= Neolithic Tibet =

Period of Tibetan prehistory

Neolithic Tibet refers to a prehistoric period in which Neolithic technology was present in Tibet.

Tibet has been inhabited since the Late Paleolithic. Paleolithic inhabitants successfully overcame the extremely harsh climate and environments and made some genetic contribution to the contemporary inhabitants. Excavated microliths on the Tibetan Plateau display mosaic features of both northern Chinese tool culture and the Tibetan Paleoliths. During the mid-Holocene, Neolithic immigrants from northern China mixed with the original inhabitants, although a degree of genetic continuity with the Paleolithic settlers still exists.

==Migration==
There is some genetic continuity between the initial Paleolithic inhabitants and the modern populations on the Tibetan Plateau.
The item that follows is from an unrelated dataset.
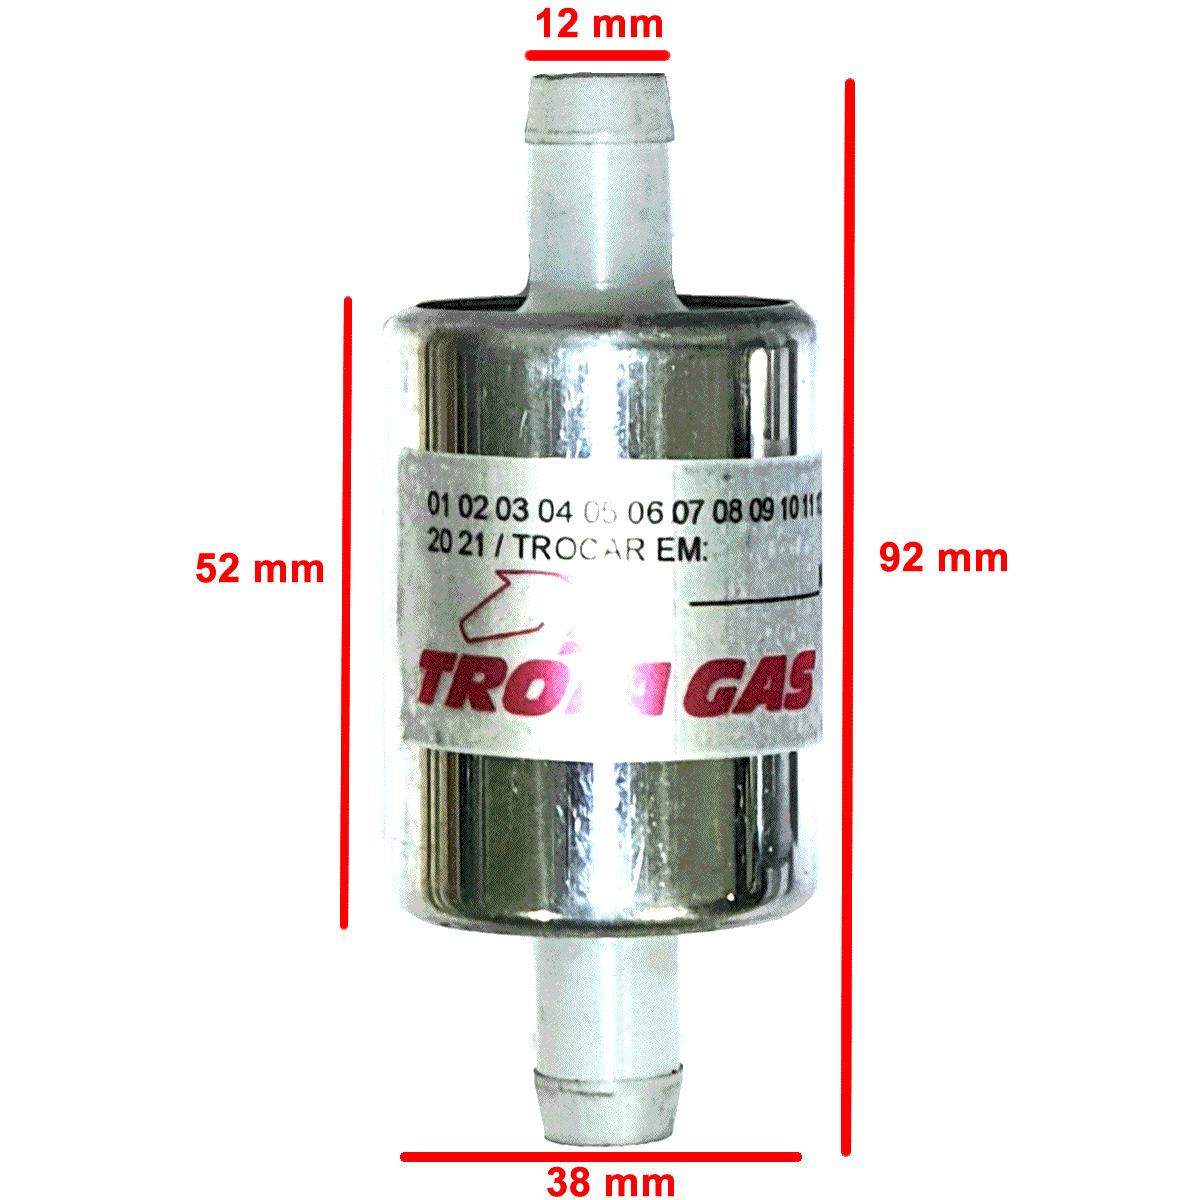 24 Filtros TROIAGAS 5ª e 6ª geração GNV protege bicos maioria dos kits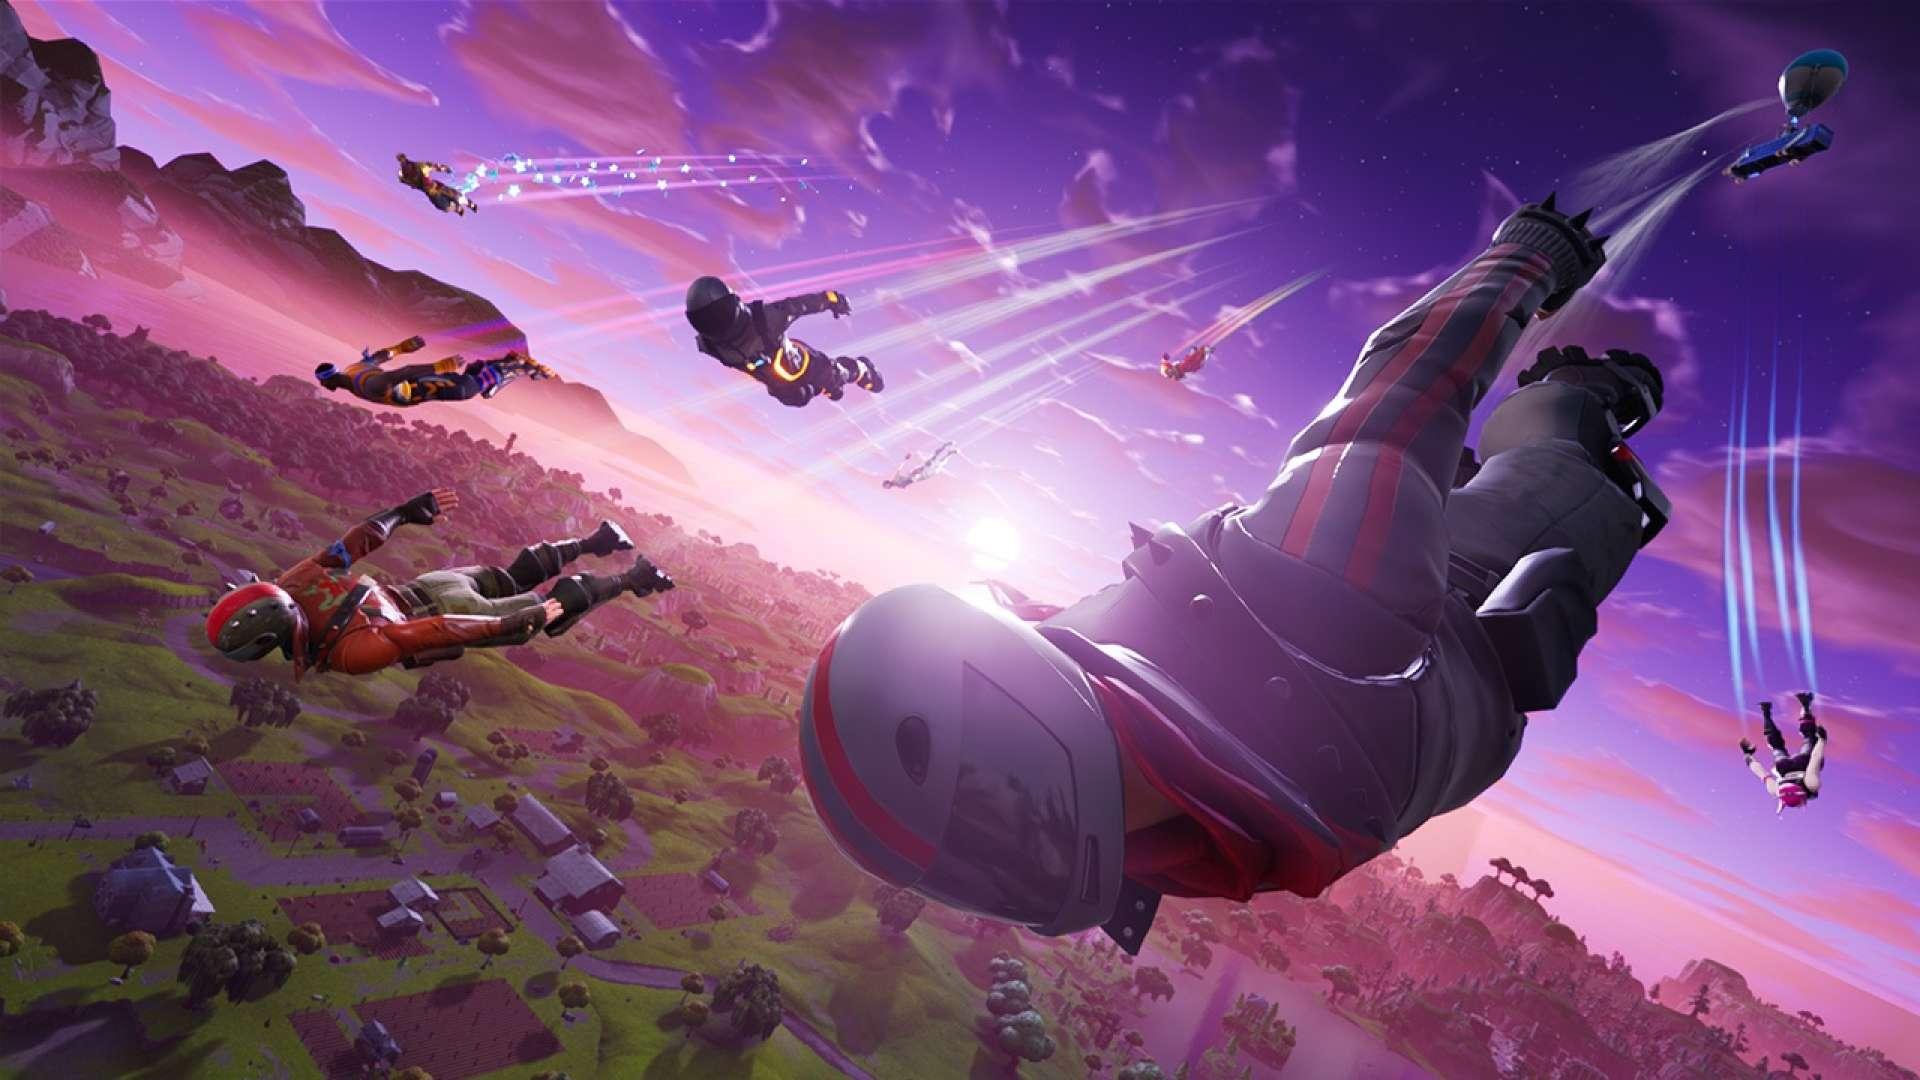 Pixels Battle Royale Qui Remportera Le Titre Du Meilleur

Genetic studies suggest that Epipaleolithic and Neolithic immigrants from northern China moved to the Tibetan plateau during the mid-Holocene. Various models for how and why the migrations occurred have been proposed, although additional research is necessary to verify the different models.

==Archaeological sites==
Evidence of Neolithic Tibetan inhabitants and settlements have been found mainly "in river valleys in the south and east of the country". Archaeological sites consist of those in Nyingchi County, Medog County, and Qamdo County. Archaeologists have found pottery and stone tools, including stone axes, chisels, knives, spindle-whorls, discs, and arrowheads. Findings in Nyingchi culturally resemble the Neolithic Qijia culture in Gansu and Qinghai, while findings in Qamdo resemble the Dadunzi site in Yunnan, although there may be some connections with the Neolithic culture of the Yellow River valley.